- Born: Charles Baker Stern June 22, 1979 New York City, New York, U.S.
- Died: December 10, 2023 (aged 44)
- Instruments: Vocals; keyboards; multi-instrumentalist;
- Member of: Time of Orchids, Sculptress, Stern
- Website: sterntheband.bandcamp.com/music

= Chuck Stern =

American musician, writer, and artist

Charles Baker Stern (June 22, 1979 – December 10, 2023) was an American composer, musician, writer, and visual artist known for his work in experimental music. He was frontman and composer of Time of Orchids, played in Sculptress, and released solo and band works under the name Stern. He was born and lived in New York City. He died on December 10, 2023, at the age of 44.

== Career ==
Stern was a programmer for public-access television station Manhattan Neighborhood Network. He co-created Roboshithead, which The Village Voice called "the best public access show in New York," and It Changed :(, which won the 2011 Hometown Video Original Teleplay Award.

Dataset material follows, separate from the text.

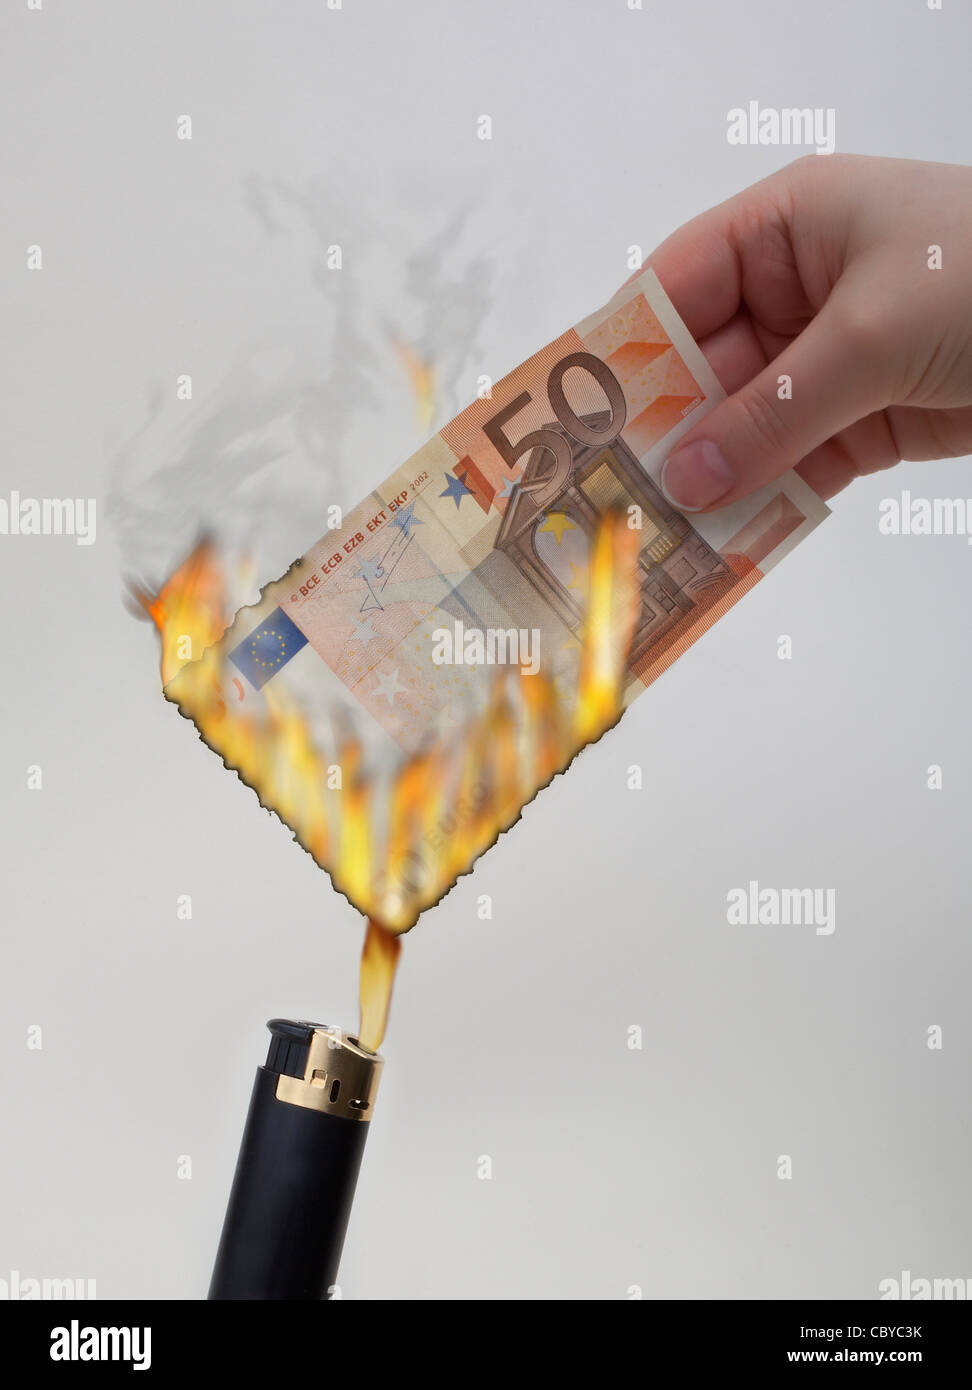 Euros burning Stock Photo

From 1999 to 2007, Stern was the frontman and composer for experimental band Time of Orchids. Over the band's tenure, its lineup included Eric Fitzgerald, Jesse Krakow, David Bodie, Kim Abrams, Will Redmond, and Charlie Looker, with guest performances from Tim Byrnes, Maryanna Hansen, jazz pianist Marilyn Crispell, Kate Pierson of The B-52's, and Julee Cruise of Twin Peaks. Time of Orchids released six albums; two were self-released, with others appearing on Relapse, Epicene, Tzadik, and Cuneiform.

In 2008, Stern and Charlie Looker formed a duo project, Sculptress.

Also in 2008, after announcing the end of Time of Orchids, Stern began a new solo project releasing music under his last name. "Stern" eventually grew into a quartet including former Kayo Dot members Abrams, Byrnes, and Toby Driver, with releases by the band formation including Bone Turquoise (New Atlantis, 2015) and Missive: Sister Ships (Sleeping Giant Glossolalia, 2018).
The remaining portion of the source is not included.